8. Debit – Slowed Down

From Mexico electronic artist Debit specializes in haunting reimaginings of historical sounds. For her most recent project, Desaceleradas, she focuses on the 1990s variant of cumbia rebajada – a slowed, dubby interpretation of the shuffling Latin American dance music genre. Debit slows this sound down to a crawl, running its characteristic synths and off-beat rhythm through veils of sludge and static to create a novel, sinister beat. Sometimes atmospheric and uneasy, Debit converts the exuberant dancefloor sound of cumbia into a persistent, ghostly afterimage.

Number Seven: DJ K – Radio Libertadora!

Sensory overload is the operative word for the music of São Paulo producer Kaique Vieira, also known as DJ K. Pioneering his own genre of "bruxaria" (witchcraft), Vieira piles a tumult of sirens, explosive bass tones and screamed lyrics on top of the longstanding Brazilian genre of baile funk. This captures the energetic sound of neighborhood block parties. On his second album, Radio Libertadora!, Vieira cranks up the intensity, throwing in everything from four-on-the-floor techno beats to the sound of the Islamic call to prayer into his unruly bruxaria mix. The result is a notably hyperactive and deafeningly intense 40-minute sonic journey. Surrender to the noise and Vieira's bold productions become oddly liberating.

Number Six: The Singer Mohinder Kaur Bhamra – Disco Punjabi

Religious vocalist Mohinder Kaur Bhamra's record from 1982 of disco beats and traditional Punjabi tunes is a reissued masterpiece. Produced by her son, music producer Kuljit Bhamra, Punjabi Disco's ten tracks present an unusually engaging blend of the synthetic sound of 1980s synthesisers and drum machines with her ornate Indian classical singing style. Drum machine patterns echoes the wavelike tones of the traditional drums, while synthesiser melody replicates the traditional sound of the reed organ on tracks such as Pyar Mainu Kar. Elsewhere, Latin-inflected grooves comes to the fore on Soniya Mukh Tera, and Nainan Da Pyar De Gaya features a up-tempo funky bass rhythm. It's a party blend created more than ten years before the rise of Asian Underground music.

5. Enji – Resonance

From Mongolia singer Enji's gentle fourth album, Sonor, develops her jazz-inflected sound to present some of her broadest music to date. Moving away from her training in traditional Mongolian "long song" singing, the record's selection of pieces travel from the gentle jazz-pop melodics of slow-burning number Ulbar to the German spoken-word lyrics and twanging guitar lines of Unadag Dugui. The album also includes a sprightly, funk-tinged cover of the 80s Mongolian pop hit Eejiinhee Hairaar. Utilizing a live band rather than her usual setup of guitar and bass, Sonor's sound remains personal, drawing the listener into the warm soundscape of her singular voice.

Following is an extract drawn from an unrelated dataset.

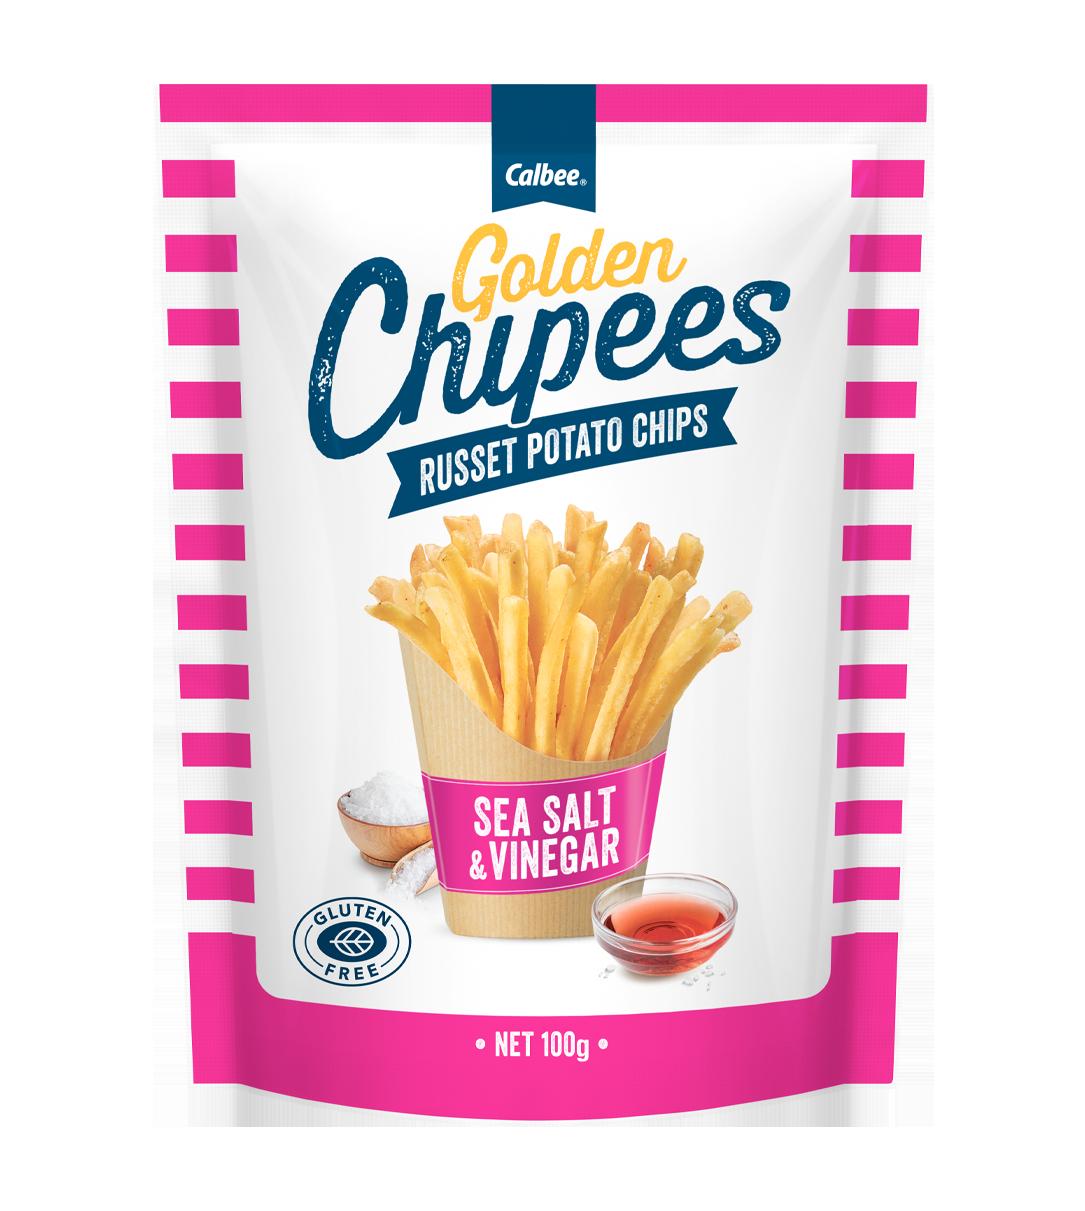 Calbee Australia - Golden Chipees - Russet Potato Chips - Sea Salt & Vinegar

4. Derya Yıldırım & Grup Şimşek – Yarın Yoksa

Drawing on the psychedelic tradition of Anatolian rock pioneered by groups such as Moğollar, German-Turkish singer Derya Yıldırım's new album alongside her group merges the metallic twang of the amplified traditional lute with dreamy Mellotron and classic soul melodies. It's a 1970s throwback sound anchored in Yıldırım's commanding high register and shaped by producer Leon Michels' analogue tape aesthetic. But, on classic Turkish songs such as the folk tune Hop Bico and 1960s song Ceylan, the group finds dynamic new territory. They create slinking, slow-burning grooves and powerful vocals that give a new, quirky spin to the Turkish psych sound.

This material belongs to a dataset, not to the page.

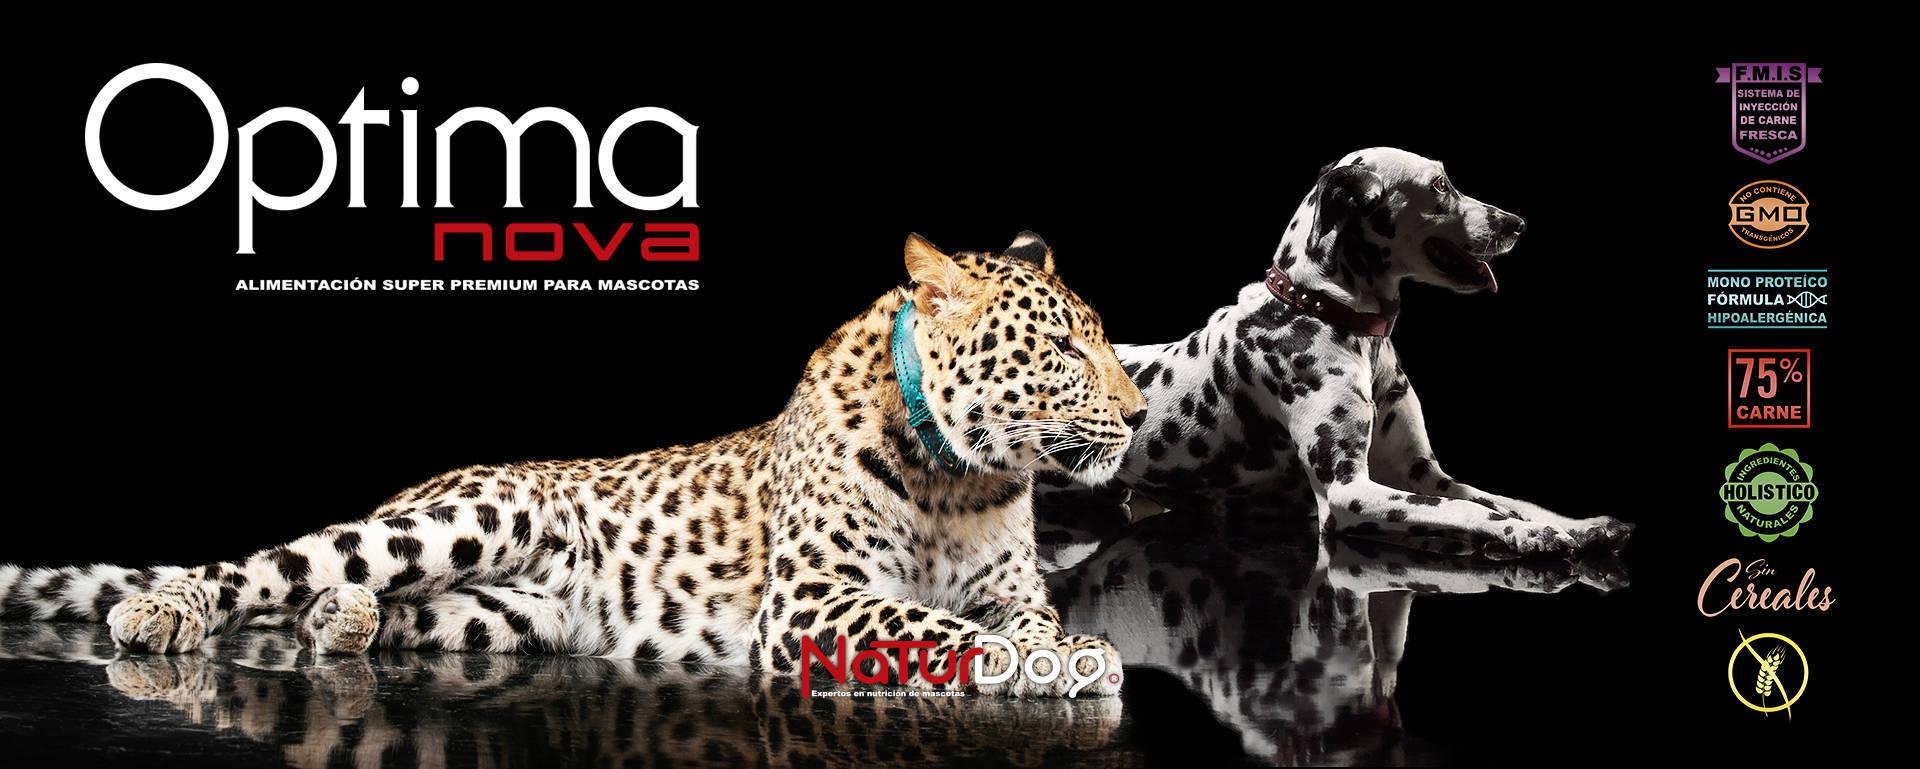 Optima nova Dalmata Leopardo NaturDog web by TecniPublic.es

Number Three: Lido Pimienta – The Beauty

Catholic requiem mass music, Czech harpsichord folksong and orchestral strings merge on Colombian singer Lido Pimienta's remarkable fourth album. Arranging music for the 60-piece Medellín Philharmonic Orchestra, Pimienta and producer Owen Pallett traverse a vast range including the liturgical vocals of opener Overturn (Obertura de la Luz Eterna) to the theatrical interweaving lines of Aún Te Quiero and the syncopated dembow rhythms of the woodwind-heavy El Dembow del Tiempo. Yet, it is Pim

Scott Nunez
Scott Nunez

A seasoned casino enthusiast with over a decade of experience in slot gaming and strategy development.